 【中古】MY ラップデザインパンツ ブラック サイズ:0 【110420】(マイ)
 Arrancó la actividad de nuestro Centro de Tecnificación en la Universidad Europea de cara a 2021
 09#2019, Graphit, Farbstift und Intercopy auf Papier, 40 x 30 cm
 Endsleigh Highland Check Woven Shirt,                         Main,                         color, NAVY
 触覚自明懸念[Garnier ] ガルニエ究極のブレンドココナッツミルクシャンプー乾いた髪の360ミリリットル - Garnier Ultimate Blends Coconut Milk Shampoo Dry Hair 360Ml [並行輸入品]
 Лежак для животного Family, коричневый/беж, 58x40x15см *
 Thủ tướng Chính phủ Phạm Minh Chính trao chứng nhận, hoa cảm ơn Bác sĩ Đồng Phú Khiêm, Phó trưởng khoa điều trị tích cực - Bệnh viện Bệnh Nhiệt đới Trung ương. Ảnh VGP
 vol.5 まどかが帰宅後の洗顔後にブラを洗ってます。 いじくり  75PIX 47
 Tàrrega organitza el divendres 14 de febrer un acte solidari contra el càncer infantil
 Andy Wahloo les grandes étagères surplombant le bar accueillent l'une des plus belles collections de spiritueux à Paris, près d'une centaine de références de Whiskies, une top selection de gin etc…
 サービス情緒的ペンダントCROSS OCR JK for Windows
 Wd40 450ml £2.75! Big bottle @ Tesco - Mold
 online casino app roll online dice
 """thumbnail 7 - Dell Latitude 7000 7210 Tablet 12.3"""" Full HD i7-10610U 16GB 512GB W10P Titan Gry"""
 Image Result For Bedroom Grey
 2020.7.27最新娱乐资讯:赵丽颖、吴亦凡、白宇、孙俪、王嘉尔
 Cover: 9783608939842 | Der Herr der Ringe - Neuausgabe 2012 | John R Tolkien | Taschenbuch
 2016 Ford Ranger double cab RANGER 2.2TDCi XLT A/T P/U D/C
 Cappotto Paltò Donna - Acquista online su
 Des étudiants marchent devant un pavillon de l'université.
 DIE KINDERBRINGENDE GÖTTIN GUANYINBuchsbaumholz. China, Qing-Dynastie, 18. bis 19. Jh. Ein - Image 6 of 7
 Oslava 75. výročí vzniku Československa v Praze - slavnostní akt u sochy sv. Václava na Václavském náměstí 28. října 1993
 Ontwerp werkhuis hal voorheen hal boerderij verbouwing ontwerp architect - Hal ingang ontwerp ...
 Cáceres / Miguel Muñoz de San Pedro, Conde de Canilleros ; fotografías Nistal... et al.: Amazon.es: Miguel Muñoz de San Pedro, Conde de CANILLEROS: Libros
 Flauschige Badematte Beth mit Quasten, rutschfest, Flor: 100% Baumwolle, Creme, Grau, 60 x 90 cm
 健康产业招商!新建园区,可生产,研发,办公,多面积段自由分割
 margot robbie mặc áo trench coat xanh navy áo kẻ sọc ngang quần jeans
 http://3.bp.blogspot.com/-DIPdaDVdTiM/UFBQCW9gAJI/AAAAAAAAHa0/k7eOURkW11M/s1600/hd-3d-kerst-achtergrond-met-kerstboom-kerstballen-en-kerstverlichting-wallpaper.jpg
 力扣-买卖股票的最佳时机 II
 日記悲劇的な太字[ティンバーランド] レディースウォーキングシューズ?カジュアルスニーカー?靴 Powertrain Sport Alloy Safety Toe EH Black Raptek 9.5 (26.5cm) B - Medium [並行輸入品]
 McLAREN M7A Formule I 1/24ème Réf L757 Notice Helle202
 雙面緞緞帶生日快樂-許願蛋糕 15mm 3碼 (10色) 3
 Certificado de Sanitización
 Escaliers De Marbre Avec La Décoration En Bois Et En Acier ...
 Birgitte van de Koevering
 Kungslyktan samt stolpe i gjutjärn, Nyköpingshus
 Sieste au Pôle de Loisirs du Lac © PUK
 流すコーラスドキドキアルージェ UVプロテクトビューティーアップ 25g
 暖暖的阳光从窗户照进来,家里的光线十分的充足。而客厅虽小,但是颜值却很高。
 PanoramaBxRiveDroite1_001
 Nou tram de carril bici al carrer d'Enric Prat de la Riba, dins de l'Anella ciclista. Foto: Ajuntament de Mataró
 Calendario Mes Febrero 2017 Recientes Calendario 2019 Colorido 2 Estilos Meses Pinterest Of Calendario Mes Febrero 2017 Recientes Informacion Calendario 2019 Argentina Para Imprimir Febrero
· · ·
Activity: In the answer, each line of the data must appear exactly as written.

Finished task:
 【中古】MY ラップデザインパンツ ブラック サイズ:0 【110420】(マイ)
 Arrancó la actividad de nuestro Centro de Tecnificación en la Universidad Europea de cara a 2021
 09#2019, Graphit, Farbstift und Intercopy auf Papier, 40 x 30 cm
 Endsleigh Highland Check Woven Shirt,                         Main,                         color, NAVY
 触覚自明懸念[Garnier ] ガルニエ究極のブレンドココナッツミルクシャンプー乾いた髪の360ミリリットル - Garnier Ultimate Blends Coconut Milk Shampoo Dry Hair 360Ml [並行輸入品]
 Лежак для животного Family, коричневый/беж, 58x40x15см *
 Thủ tướng Chính phủ Phạm Minh Chính trao chứng nhận, hoa cảm ơn Bác sĩ Đồng Phú Khiêm, Phó trưởng khoa điều trị tích cực - Bệnh viện Bệnh Nhiệt đới Trung ương. Ảnh VGP
 vol.5 まどかが帰宅後の洗顔後にブラを洗ってます。 いじくり  75PIX 47
 Tàrrega organitza el divendres 14 de febrer un acte solidari contra el càncer infantil
 Andy Wahloo les grandes étagères surplombant le bar accueillent l'une des plus belles collections de spiritueux à Paris, près d'une centaine de références de Whiskies, une top selection de gin etc…
 サービス情緒的ペンダントCROSS OCR JK for Windows
 Wd40 450ml £2.75! Big bottle @ Tesco - Mold
 online casino app roll online dice
 """thumbnail 7 - Dell Latitude 7000 7210 Tablet 12.3"""" Full HD i7-10610U 16GB 512GB W10P Titan Gry"""
 Image Result For Bedroom Grey
 2020.7.27最新娱乐资讯:赵丽颖、吴亦凡、白宇、孙俪、王嘉尔
 Cover: 9783608939842 | Der Herr der Ringe - Neuausgabe 2012 | John R Tolkien | Taschenbuch
 2016 Ford Ranger double cab RANGER 2.2TDCi XLT A/T P/U D/C
 Cappotto Paltò Donna - Acquista online su
 Des étudiants marchent devant un pavillon de l'université.
 DIE KINDERBRINGENDE GÖTTIN GUANYINBuchsbaumholz. China, Qing-Dynastie, 18. bis 19. Jh. Ein - Image 6 of 7
 Oslava 75. výročí vzniku Československa v Praze - slavnostní akt u sochy sv. Václava na Václavském náměstí 28. října 1993
 Ontwerp werkhuis hal voorheen hal boerderij verbouwing ontwerp architect - Hal ingang ontwerp ...
 Cáceres / Miguel Muñoz de San Pedro, Conde de Canilleros ; fotografías Nistal... et al.: Amazon.es: Miguel Muñoz de San Pedro, Conde de CANILLEROS: Libros
 Flauschige Badematte Beth mit Quasten, rutschfest, Flor: 100% Baumwolle, Creme, Grau, 60 x 90 cm
 健康产业招商!新建园区,可生产,研发,办公,多面积段自由分割
 margot robbie mặc áo trench coat xanh navy áo kẻ sọc ngang quần jeans
 http://3.bp.blogspot.com/-DIPdaDVdTiM/UFBQCW9gAJI/AAAAAAAAHa0/k7eOURkW11M/s1600/hd-3d-kerst-achtergrond-met-kerstboom-kerstballen-en-kerstverlichting-wallpaper.jpg
 力扣-买卖股票的最佳时机 II
 日記悲劇的な太字[ティンバーランド] レディースウォーキングシューズ?カジュアルスニーカー?靴 Powertrain Sport Alloy Safety Toe EH Black Raptek 9.5 (26.5cm) B - Medium [並行輸入品]
 McLAREN M7A Formule I 1/24ème Réf L757 Notice Helle202
 雙面緞緞帶生日快樂-許願蛋糕 15mm 3碼 (10色) 3
 Certificado de Sanitización
 Escaliers De Marbre Avec La Décoration En Bois Et En Acier ...
 Birgitte van de Koevering
 Kungslyktan samt stolpe i gjutjärn, Nyköpingshus
 Sieste au Pôle de Loisirs du Lac © PUK
 流すコーラスドキドキアルージェ UVプロテクトビューティーアップ 25g
 暖暖的阳光从窗户照进来,家里的光线十分的充足。而客厅虽小,但是颜值却很高。
 PanoramaBxRiveDroite1_001
 Nou tram de carril bici al carrer d'Enric Prat de la Riba, dins de l'Anella ciclista. Foto: Ajuntament de Mataró
 Calendario Mes Febrero 2017 Recientes Calendario 2019 Colorido 2 Estilos Meses Pinterest Of Calendario Mes Febrero 2017 Recientes Informacion Calendario 2019 Argentina Para Imprimir Febrero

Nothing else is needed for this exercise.